In der ersten Hälfte war der Vergleich FCH vs. SVD – beschreiben wir es wohlwollend – von gegenseitigem Respekt geprägt. Beide Seiten scheuten das Offensivrisiko und waren in erster Linie auf Torsicherung bedacht. Der SV98 erarbeitete sich zwar Mitte bis Ende der Halbzeit mehr Spielanteile, aber bis auf einen vom FCH-Keeper parierten Schuss des Ex-Heidenheimers Skarke brandete kaum Gefahr für den gastgebenden Kasten auf.

Nach dem Seitenwechsel sahen die 10800 Zuschauer ein ähnliches Bild. Das „Golden Goal“ dieser Begegnung fiel dann praktisch „aus heiterem Himmel“ in der Abenddämmerung. Leipertz schlenzte die Kugel eher zufällig ins Eck. Höchstwahrscheinlich hatte er eine andere Ballverwertung als seine das Match entscheidende Außenristvollstreckung geplant.

Daraufhin mussten die Lilien ihre Mühlen öffnen und forschten nach dem Ausgleich. Es gab auch zwei, drei gute Chancen zu vermelden, aber im Abschluss mangelte es an der finalen Konsequenz. Auch die während der Endphase herausgeholte Brechstange half nicht mehr. „Joker“ Ozegovic hatte zweimal das 1:1 auf dem Schlappen, aber einmal fehlte das Glück (fulminanter Knaller an die Latte) und kurz darauf rettete Goalie Müller seinen Farben den knappen Vorsprung.

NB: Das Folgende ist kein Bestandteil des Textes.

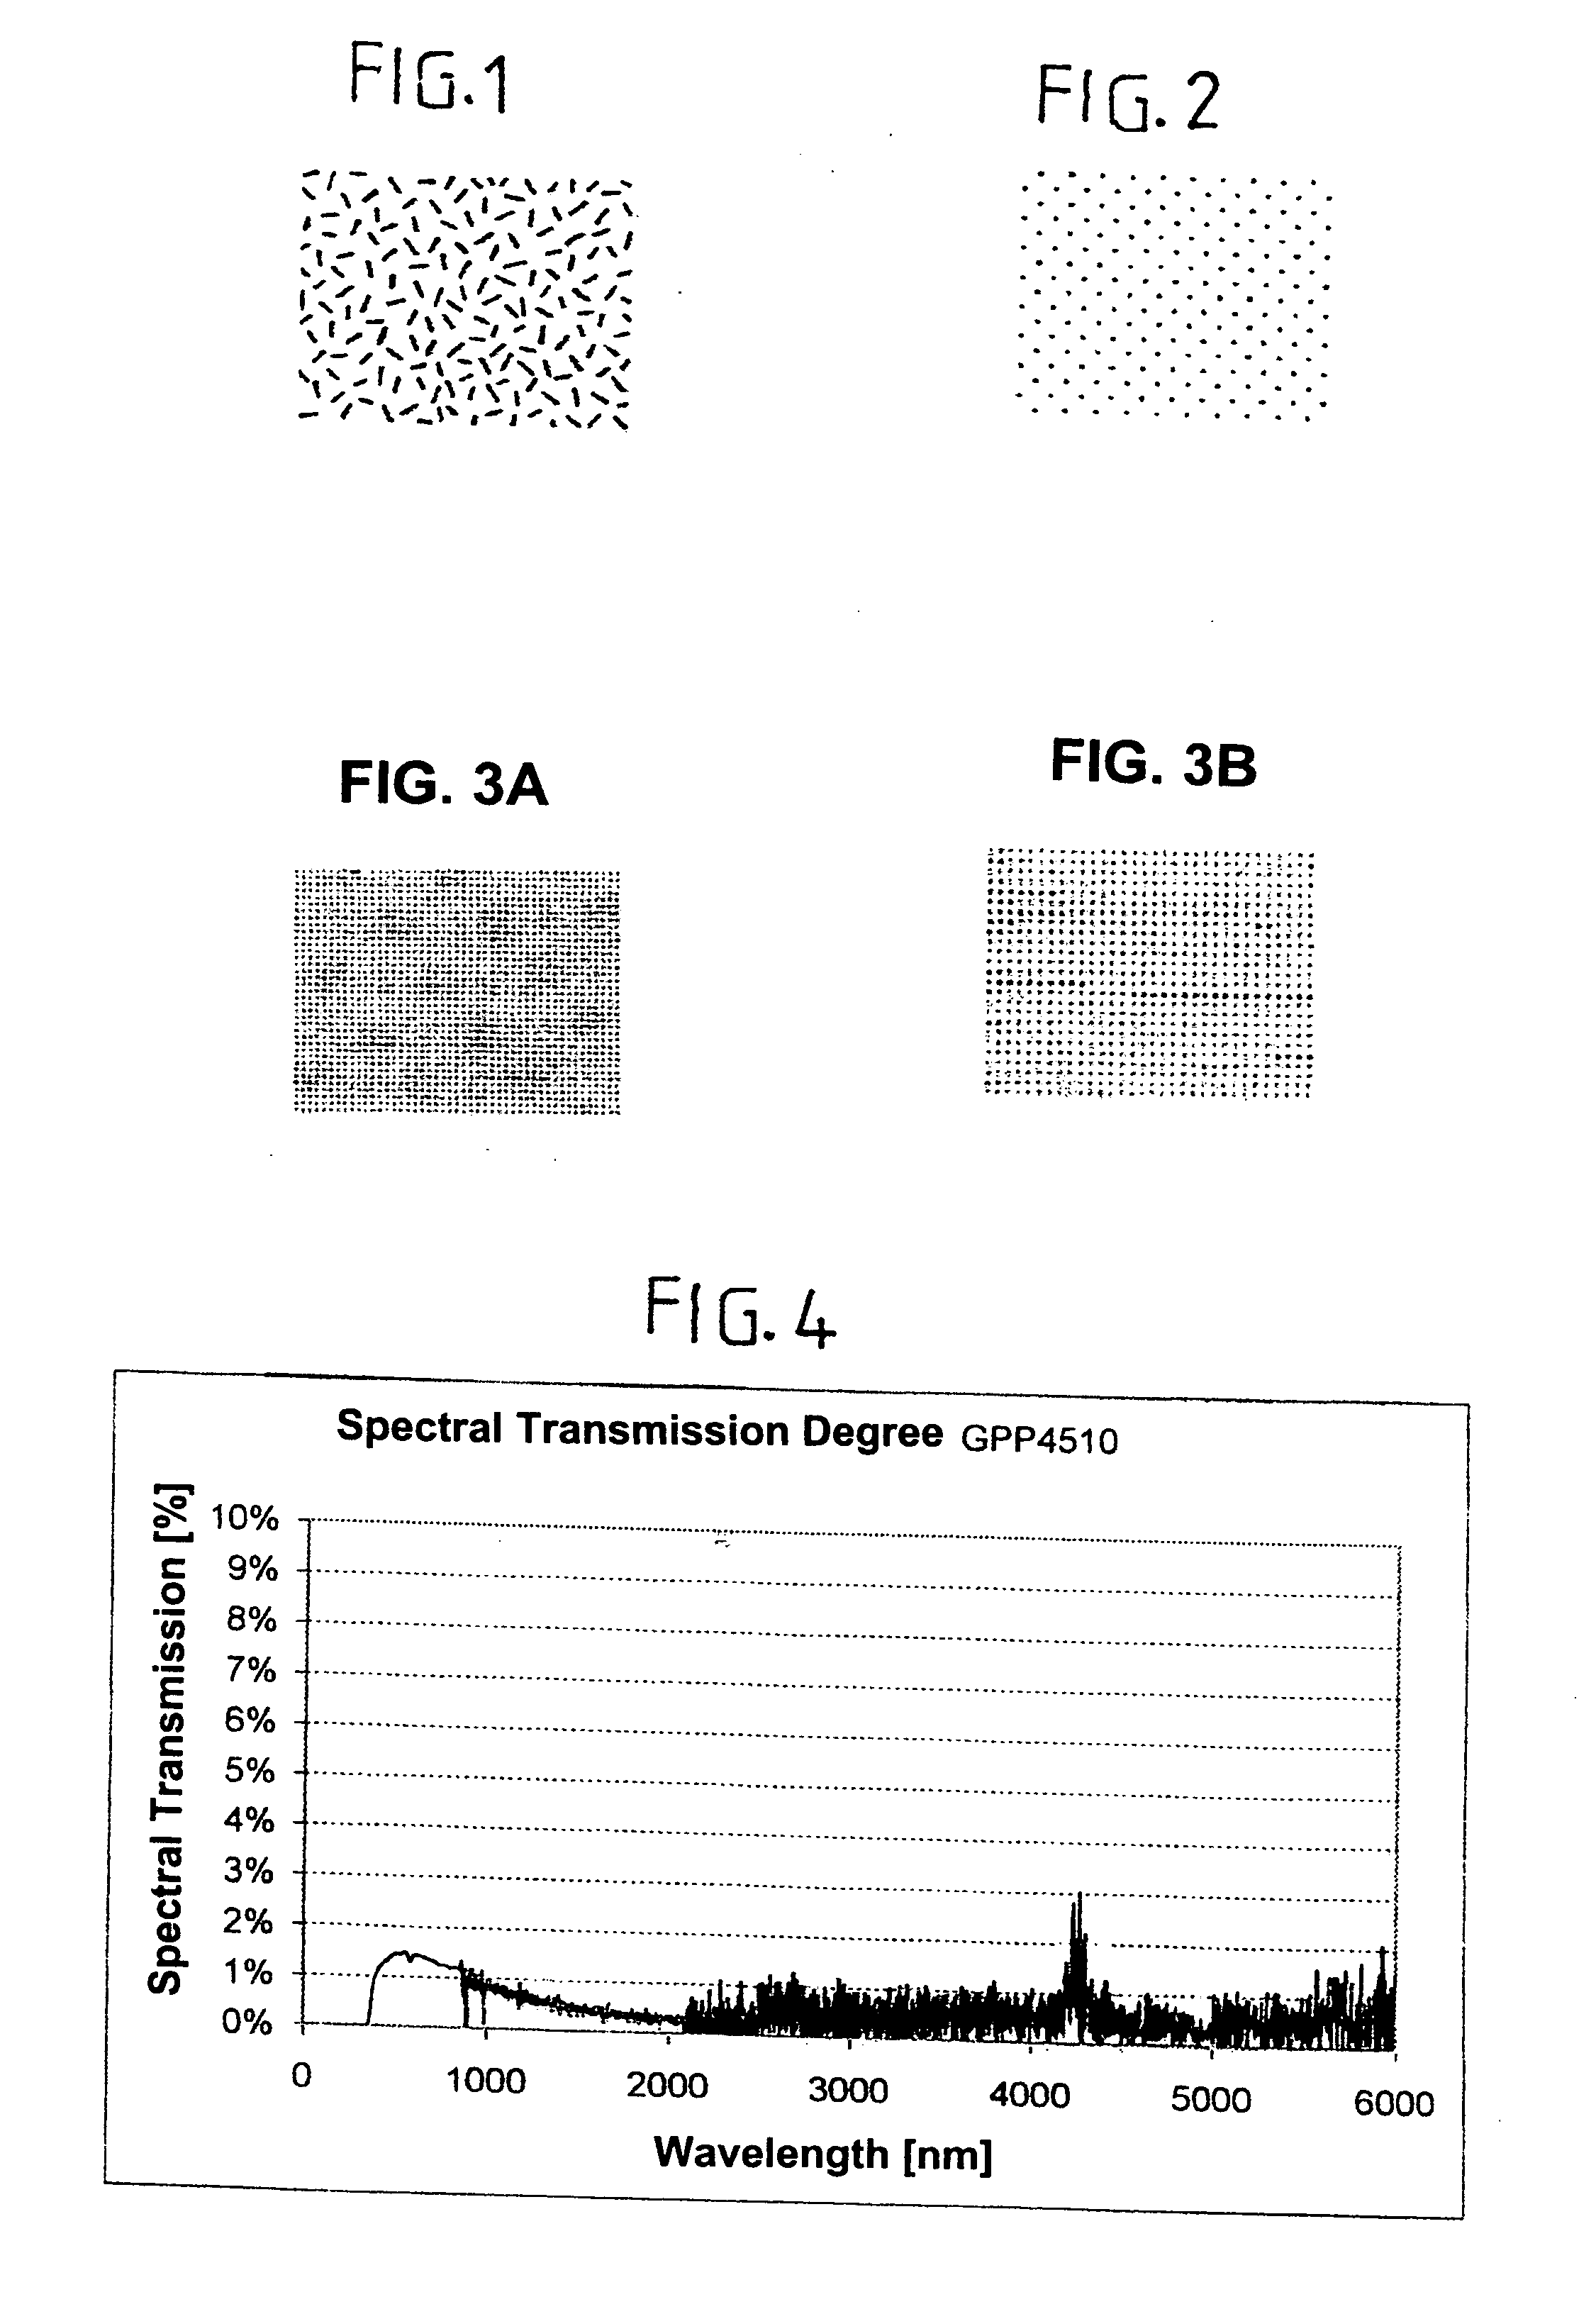 Glass ceramic plate providing a cooking surface for a cooking apparatus and having a coating on an underside thereof and coating process for making same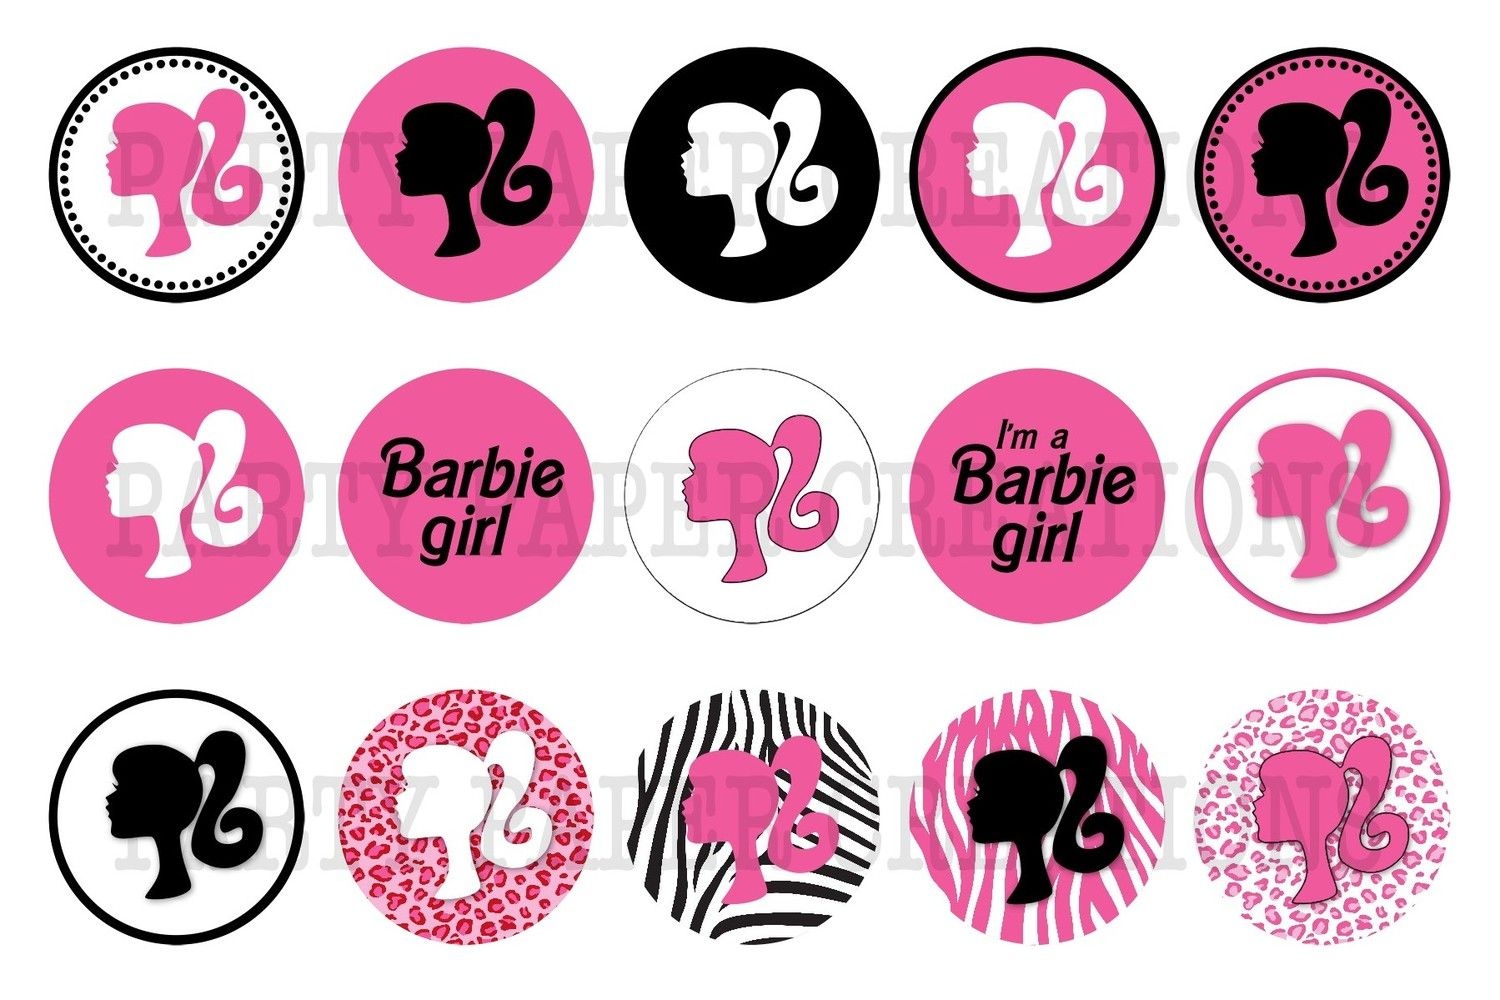 Image Detail For - Barbie Silhouette Clip Art Free | Hawaii - Free Printable Barbie Cupcake Toppers

So blieb es beim aus Gästesicht ergebnistechnisch enttäuschenden 0:1, weshalb der SV98 mit nur sechs Zählern aus den ersten sieben Saisonbegegnungen selbstredend nicht zufrieden sein kann und fortan im abstiegsgefährdeten Tabellenareal feststeckt. Die nächste Möglichkeit für einen Befreiungsschlag bietet sich den Lilien am Samstag (28.09.) im „blau-weißen Kellerduell“ beim VfL Bochum.